Wie norwegische Behörden am Montag in Oslo bestätigten, wurde Høiby am Sonntagabend erneut in Gewahrsam genommen – diesmal wegen neuer schwerer Vorwürfe. Im Raum stehen laut Polizei mutmaßliche Körperverletzung, Bedrohung mit einem Messer sowie ein Verstoß gegen ein bestehendes Kontaktverbot.

Gegenüber der norwegischen Zeitung VG bestätigte die Polizei, dass es am Wochenende tatsächlich zu einer Messer-Attacke gekommen sein soll. Besonders brisant: Marius soll in den vergangenen Wochen wiederholt Kontakt zu einem mutmaßlichen Opfer aufgenommen haben, obwohl ihm dies ausdrücklich untersagt worden war.

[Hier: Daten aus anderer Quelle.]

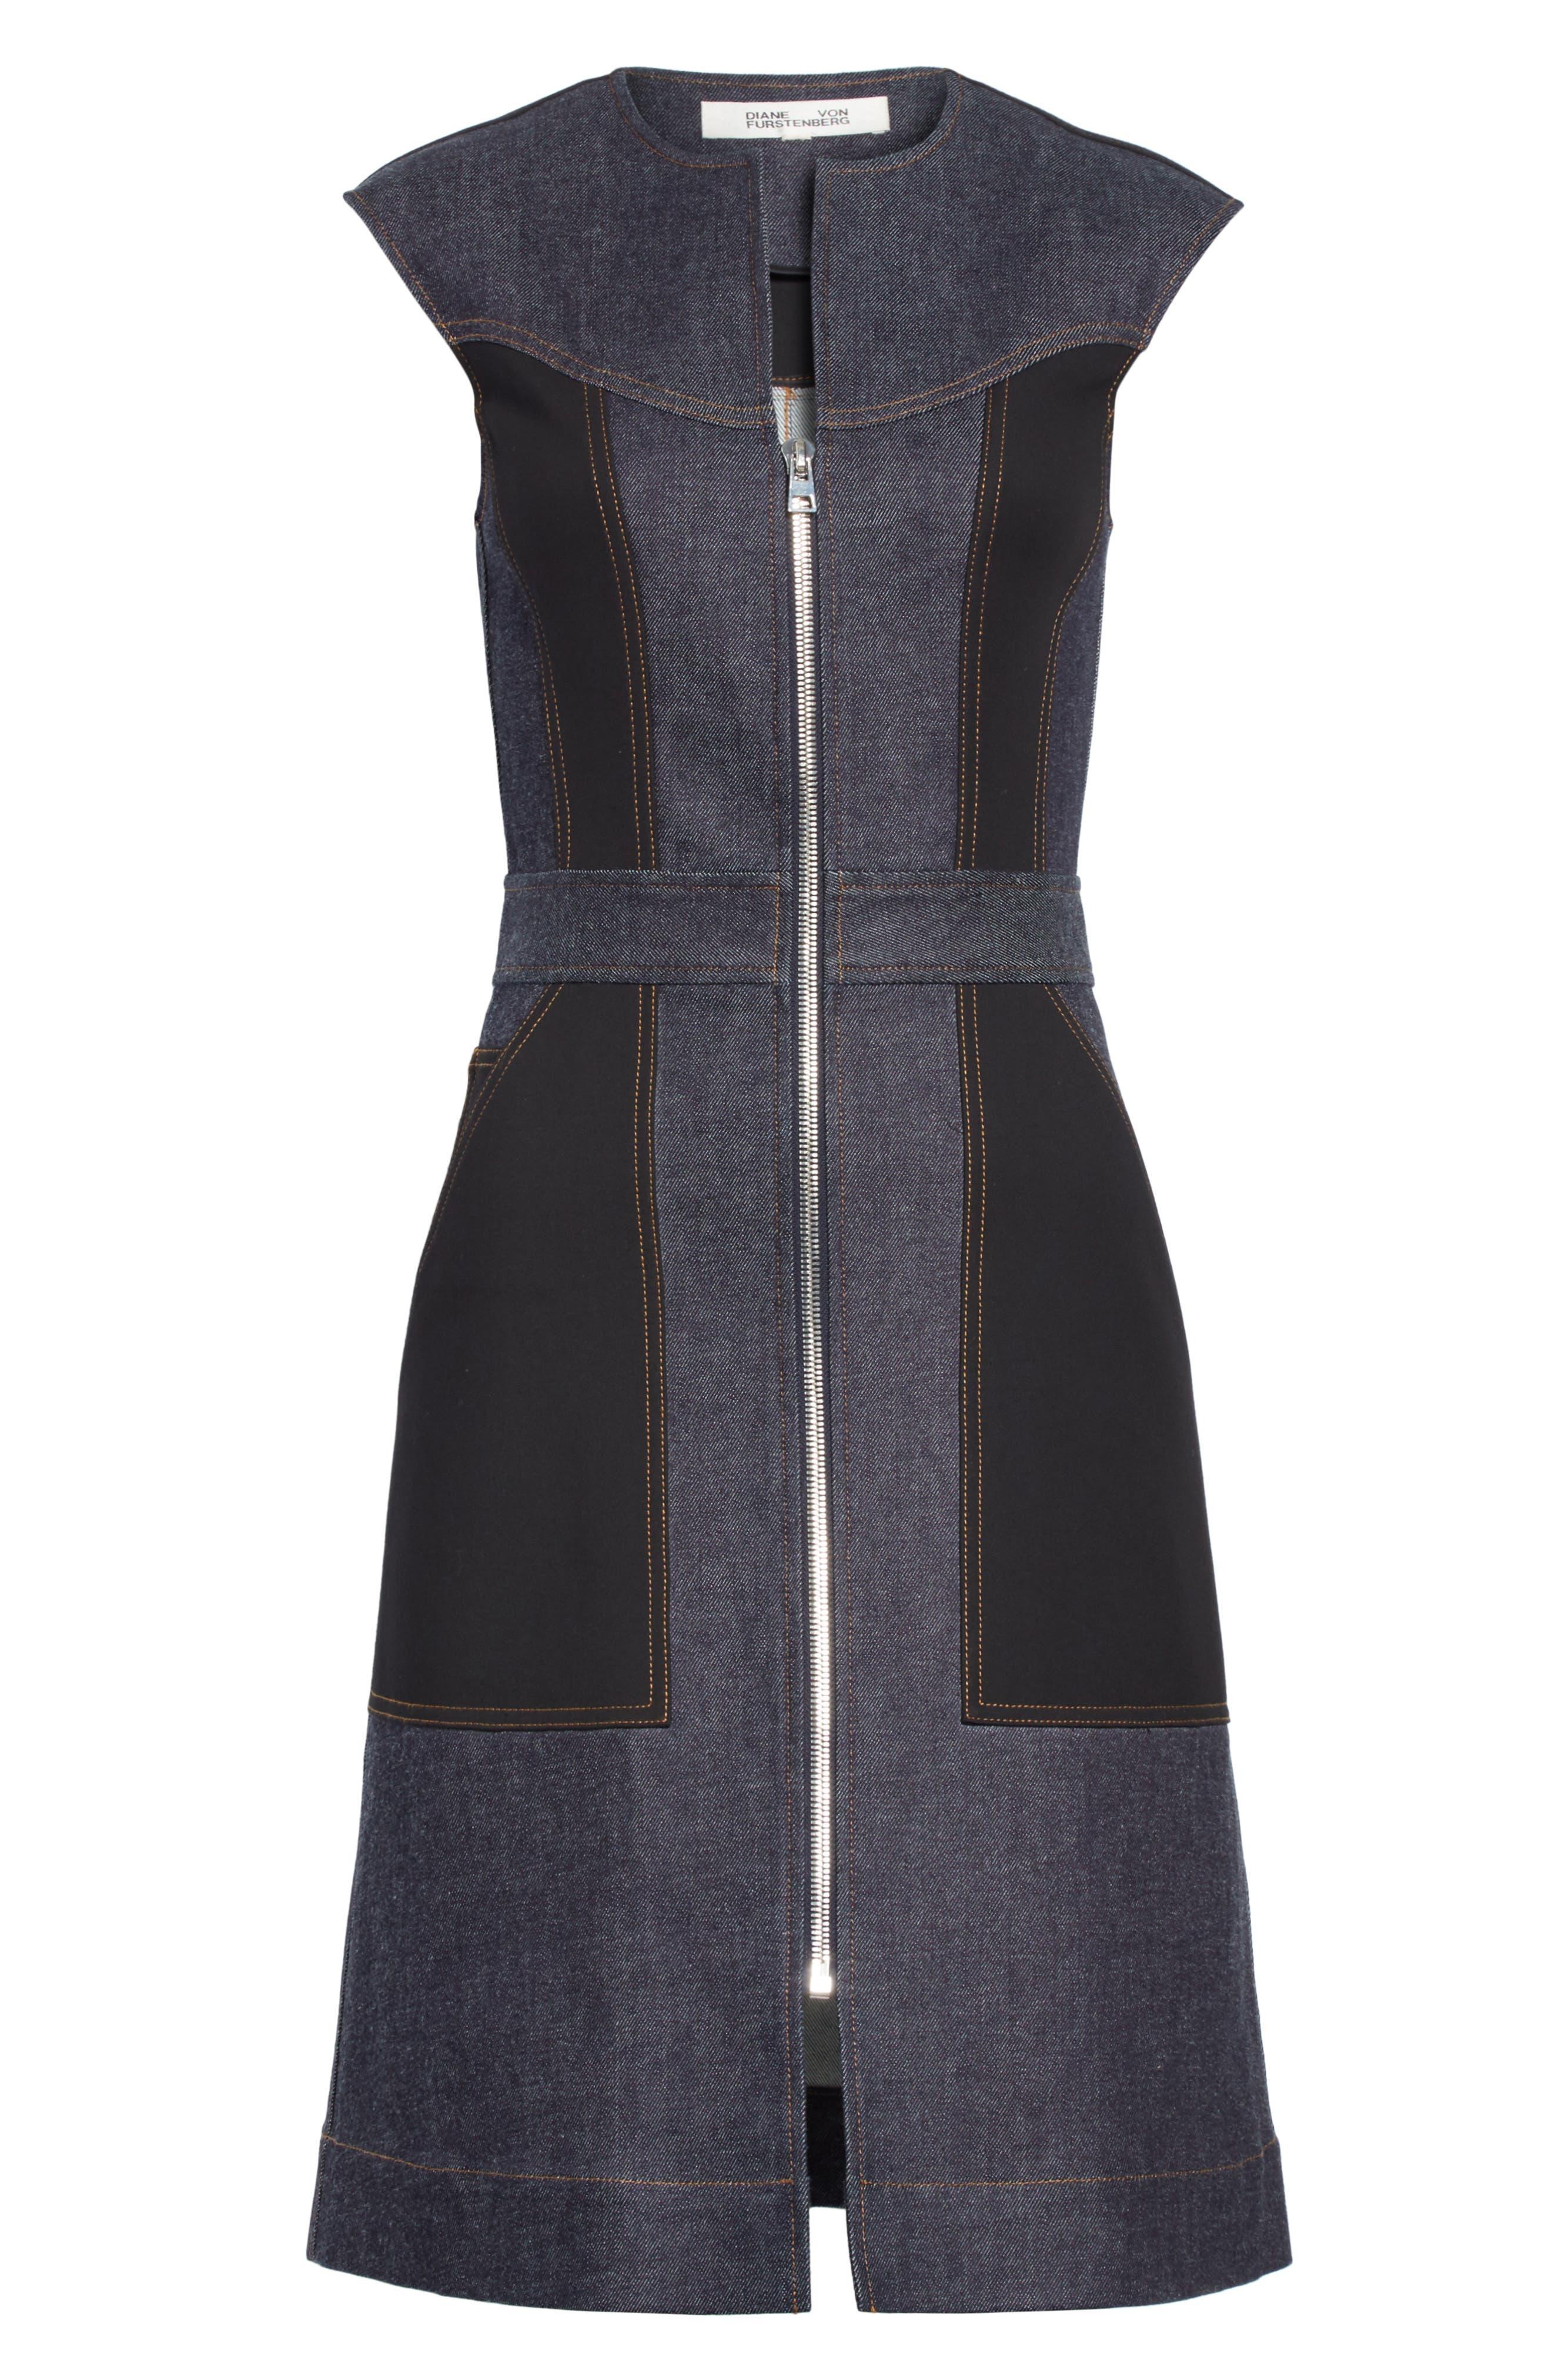 Diane von Furstenberg Front Zip Denim Dress,                             Alternate thumbnail 6, color,

Wiederholungsgefahr – U-Haft beantragt

Aufgrund der akuten Wiederholungsgefahr hat die Staatsanwaltschaft nun Untersuchungshaft beantragt. Sollte ein Richter dem Antrag stattgeben, müsste Marius bis zu vier Wochen in U-Haft verbringen. Doch genau hier kommt die nächste Wendung ins Spiel.

Parallel wird laut Medienberichten geprüft, ob Marius in eine psychiatrische Einrichtung eingewiesen wird. Sollte dieser Schritt erfolgen, könnte der für Dienstag angesetzte Prozess gar nicht starten – eine Verschiebung wäre dann kaum zu vermeiden.

Welche Entscheidung fällt, soll in den kommenden Stunden geklärt werden.

Marius Borg Høiby ist kein offizielles Mitglied des norwegischen Königshauses, trägt keinen Titel und hat keine royalen Pflichten. Dennoch sorgt jeder neue Vorwurf gegen ihn für enormes Aufsehen – nicht zuletzt, weil seine Mutter eine der bekanntesten Persönlichkeiten des Landes ist.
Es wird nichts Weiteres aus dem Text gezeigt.